- About this exercise
Reproduce exactly only the lines from the line that holds "Double Bed Wooden" to the line that holds "Is Assassin's Creed", inclusive, in the listing below, and please leave out every picture.

- Data listing

--- START ---

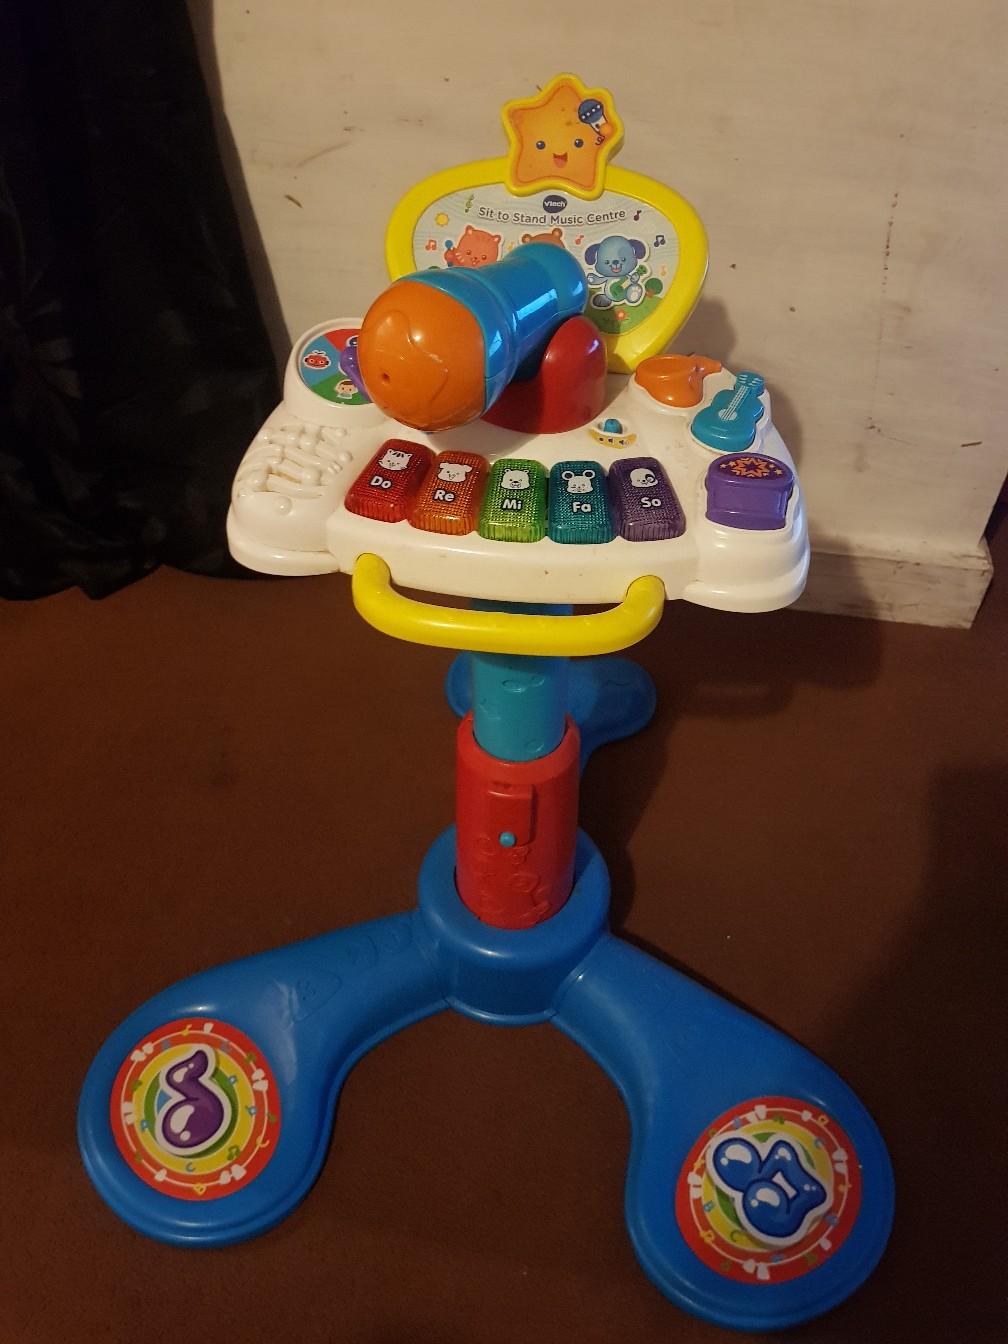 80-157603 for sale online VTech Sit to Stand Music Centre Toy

--- END ---
--- START ---

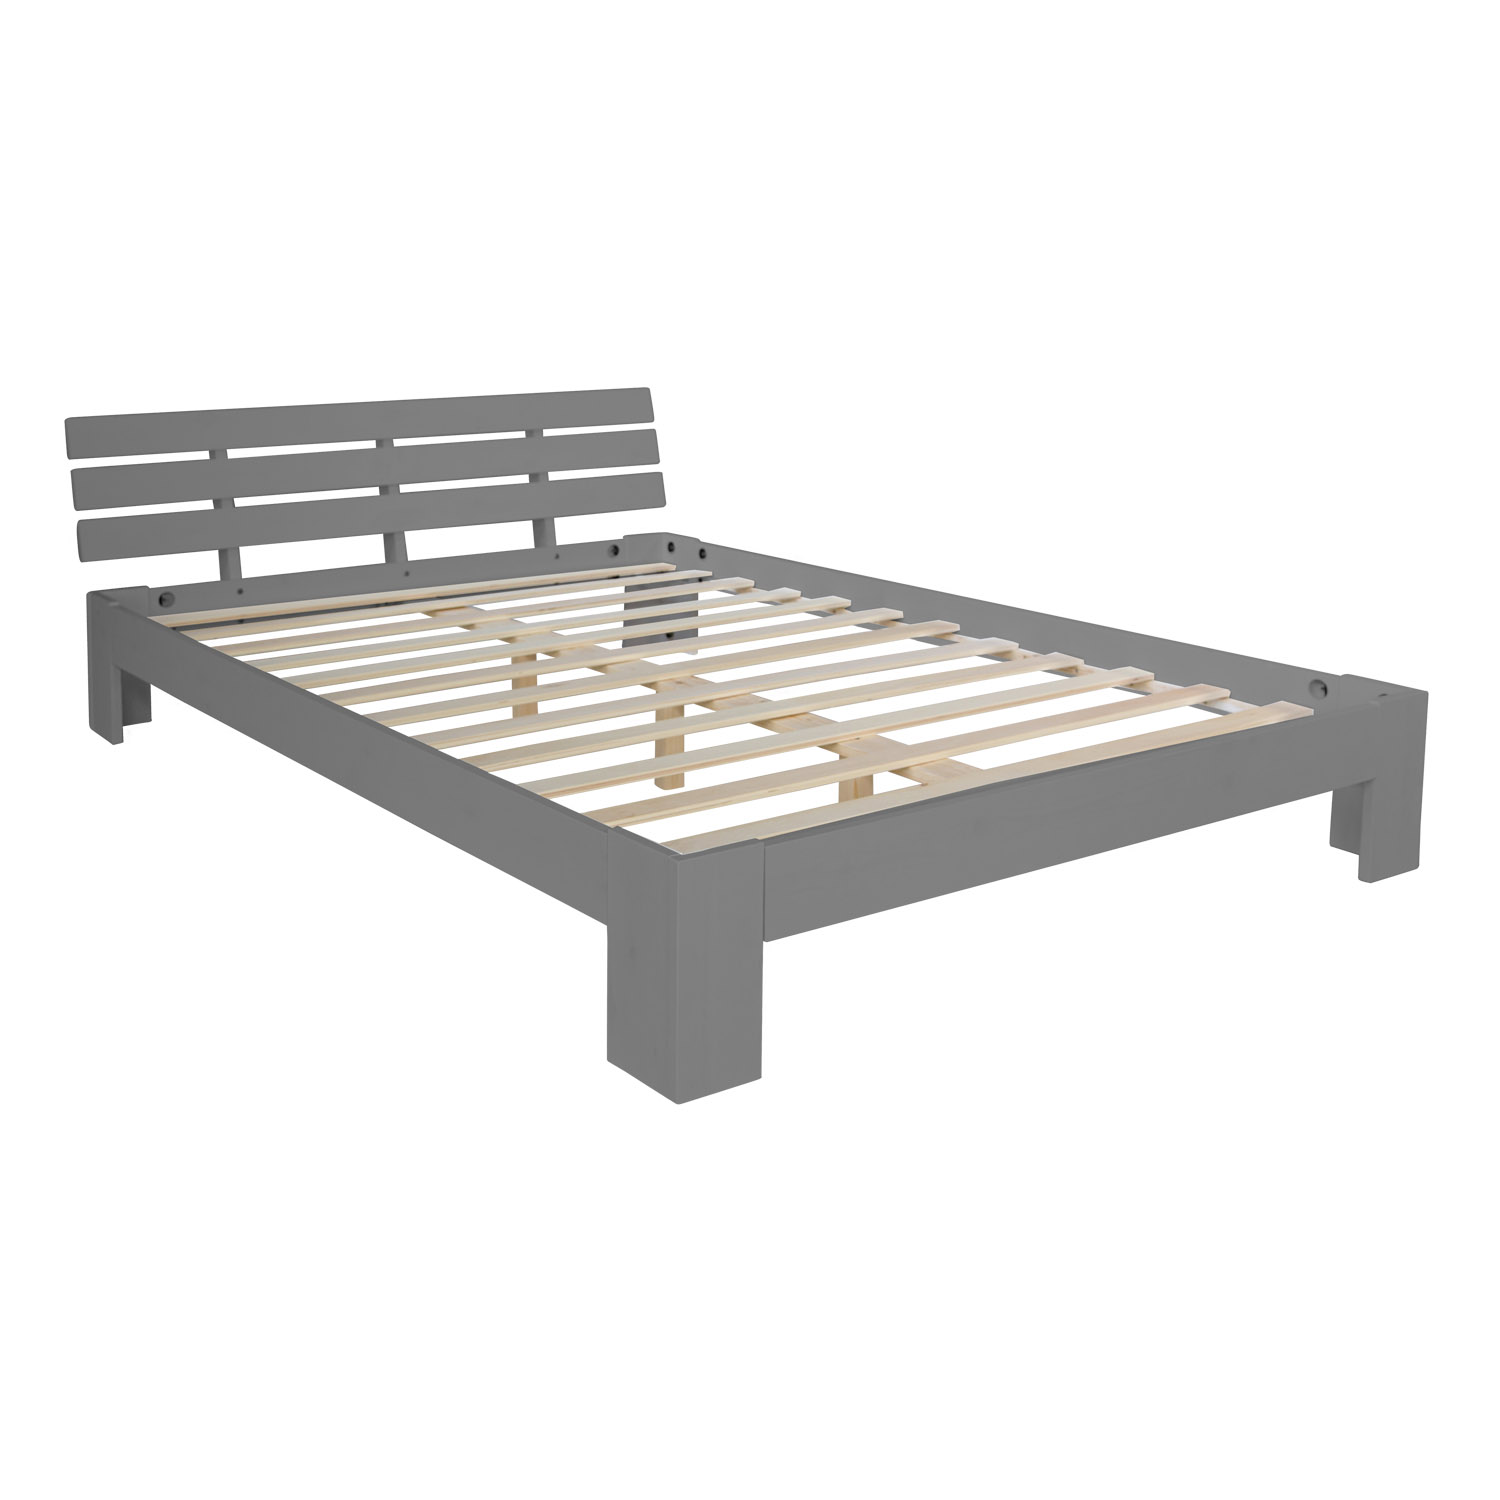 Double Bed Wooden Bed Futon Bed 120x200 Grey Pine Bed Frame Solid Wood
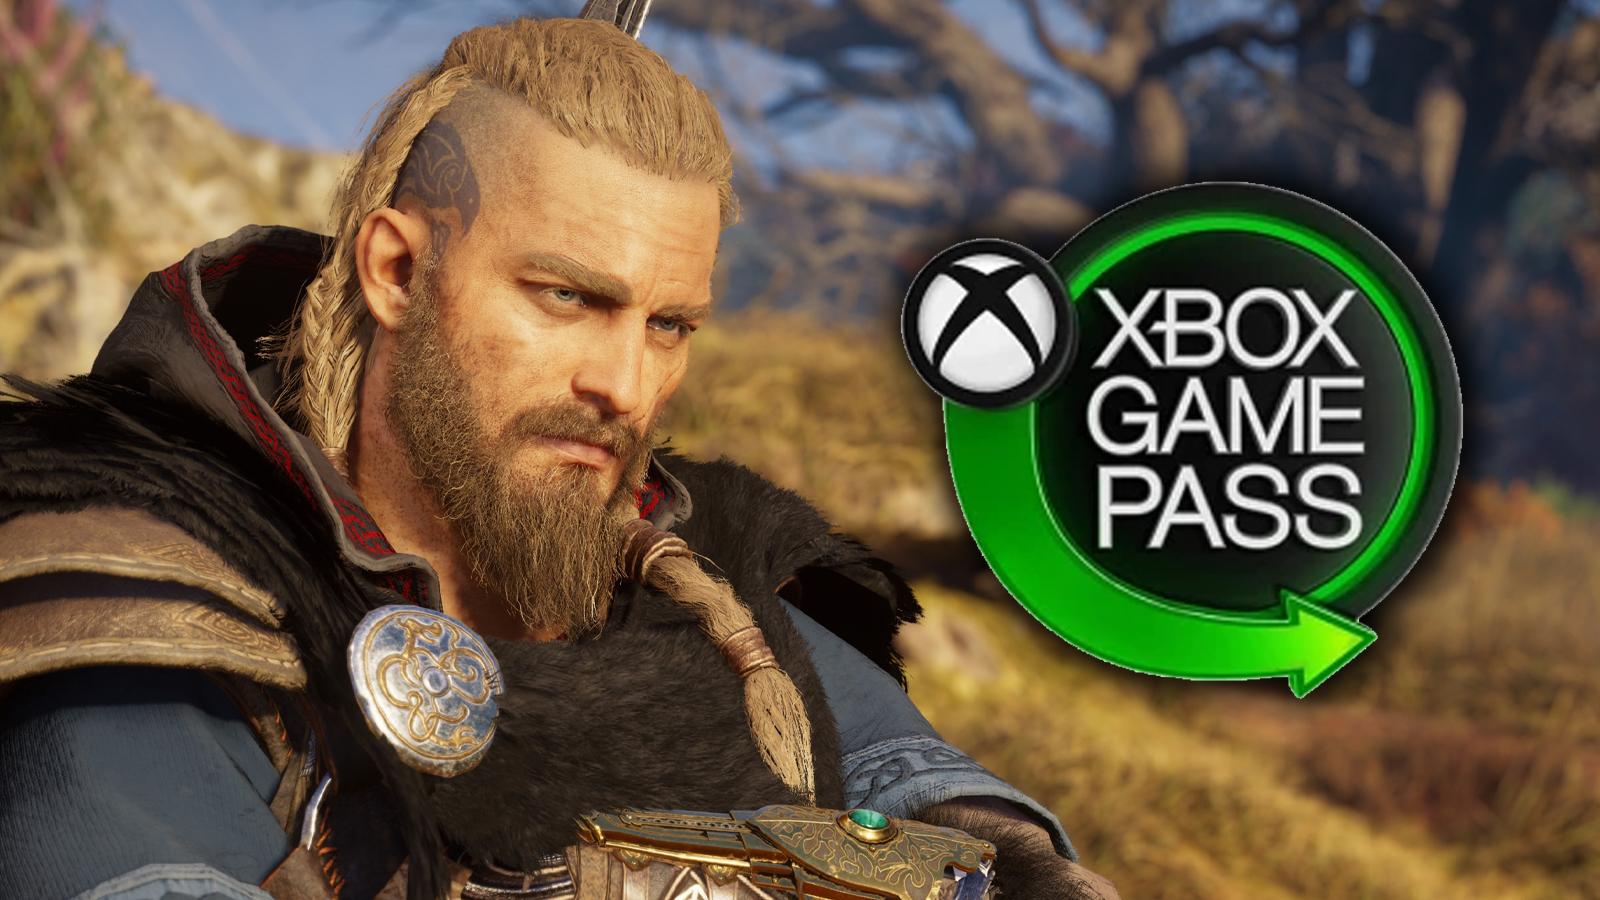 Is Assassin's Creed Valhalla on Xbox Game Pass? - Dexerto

--- END ---

- Answer space
 Double Bed Wooden Bed Futon Bed 120x200 Grey Pine Bed Frame Solid Wood
 Is Assassin's Creed Valhalla on Xbox Game Pass? - Dexerto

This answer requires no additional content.